The Invisible Girl Samantha Houghton From the age of 11, I was riddled with social anxiety through to self-harming and school refusal. At 15, I was diagnosed with Chronic Depression and was subsequently prescribed anti-depressants. As I became desperate and suicidal, I begged for help from the educational psychology department.
“Then, a week before my 16th birthday, I was admitted to an adolescent psychiatric unit for 16 months” This had a huge impact on my life and that of my family. I was given therapies and medications but was moved no further forwards when I was discharged.
I struggled so deeply on so many levels - I felt like a misfit and totally alone in the world. I read self-help books and memoirs galore, frantically trying to figure myself out and find a solution. Expressive writing was an outlet of release for my tide of overwhelming emotions and stubborn obsessive thoughts.

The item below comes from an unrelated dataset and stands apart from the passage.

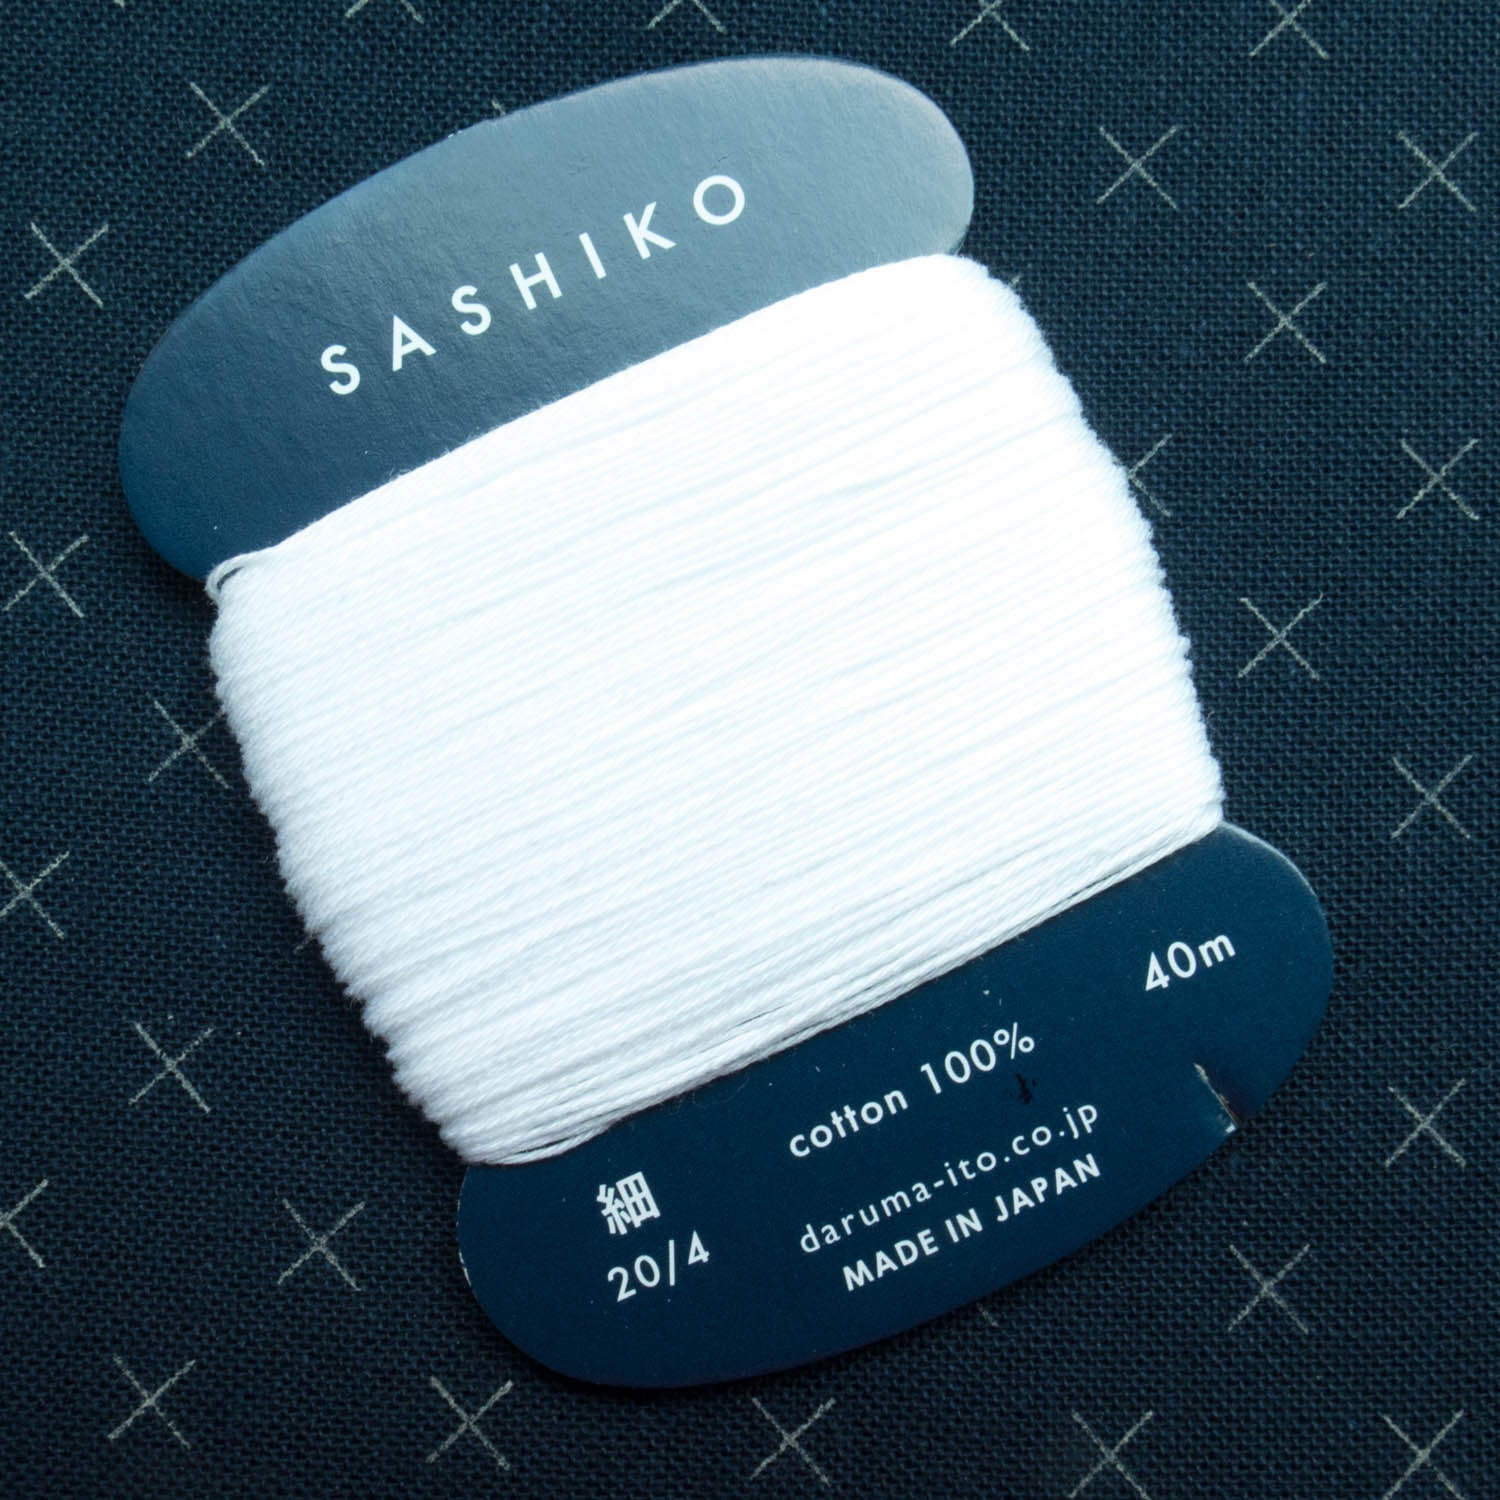 ORIM - Daruma - Sashiko Cotton Thread 20/6 - 0201 - White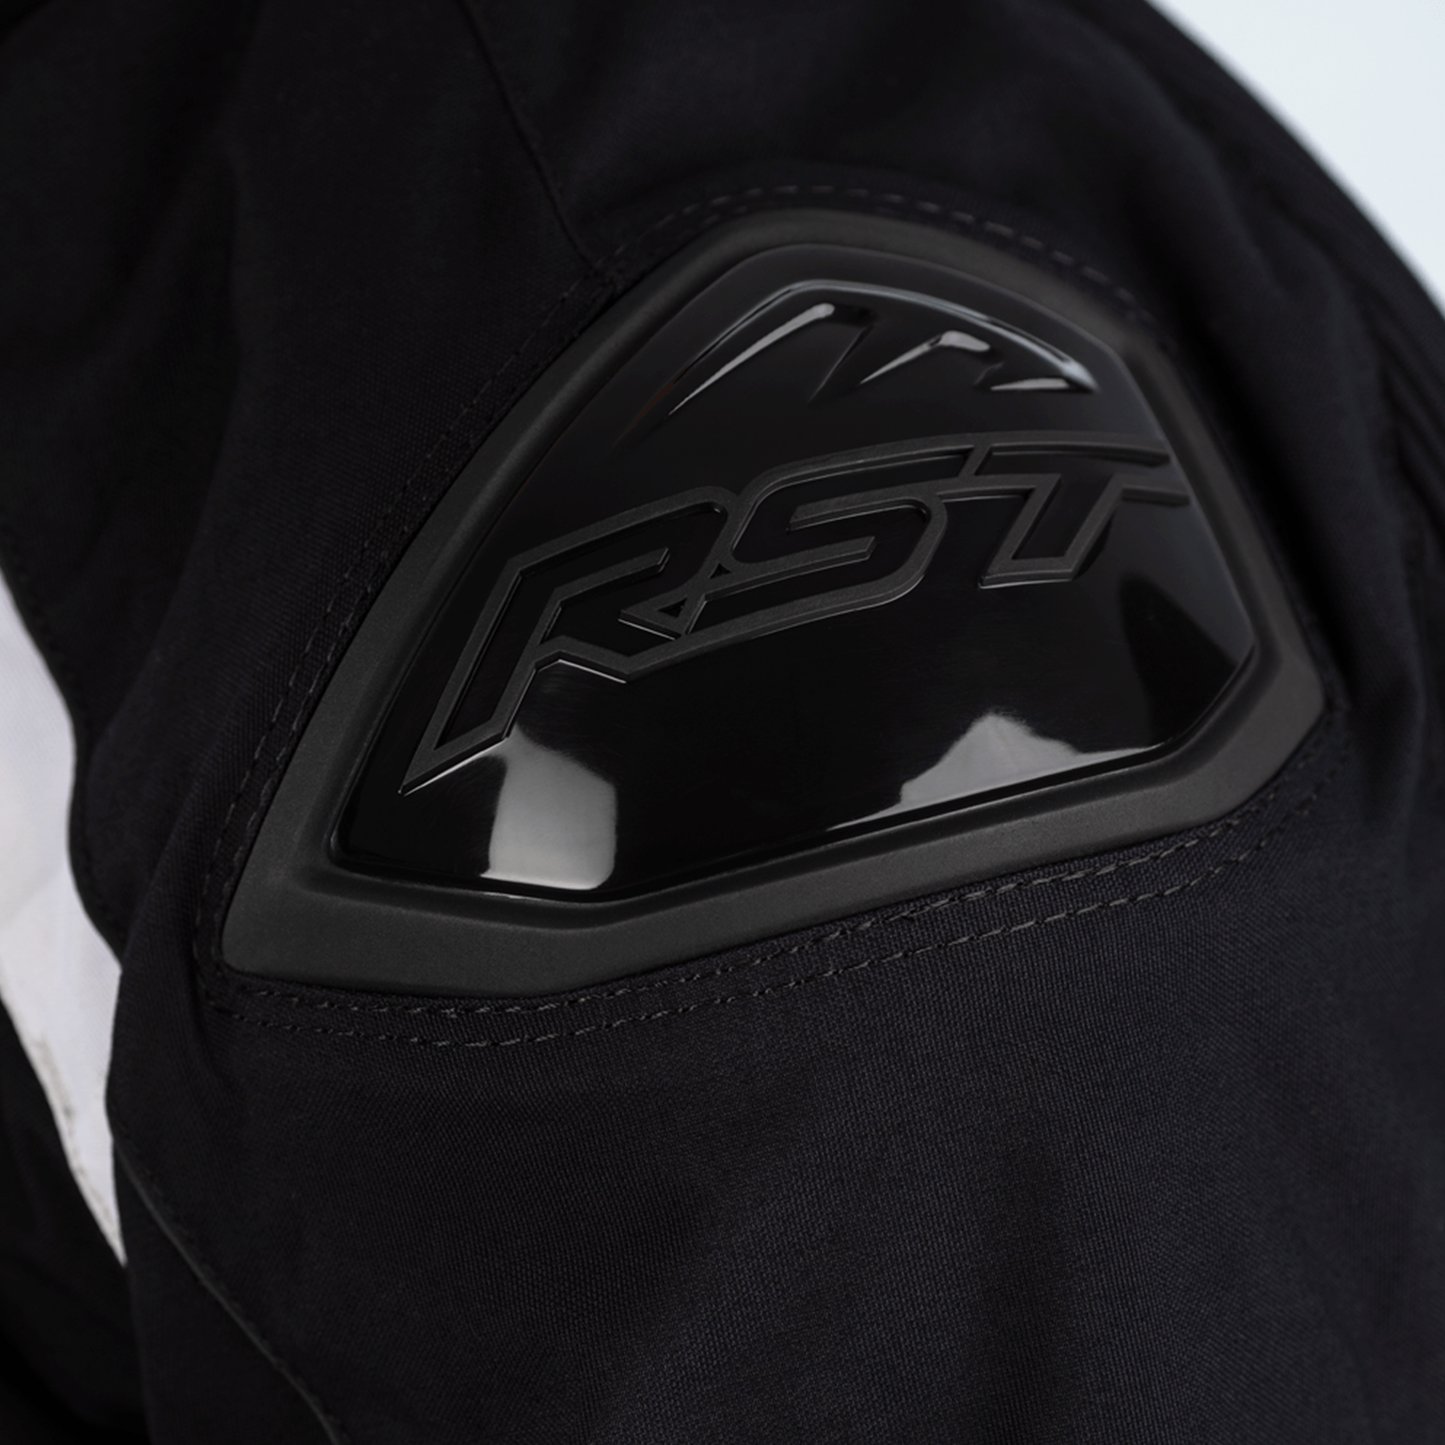 RST Sabre Airbag Textile Jacket - White (2555)

“My twenties were chaos. With self-loathing and no selfesteem, holding down a job and any kind of a relationship was a challenge” I spent more time on psychiatric wards that provided me with nothing else but a hiding place. To help me cope with this tsunami of destruction, I fell victim to an eating disorder and befriended an enemy: Bulimia. With twelve years of binging and purging, weight and calorie addiction ensued… I stuffed myself on frozen food and ate out of a bin in desperate times. It was a living hell.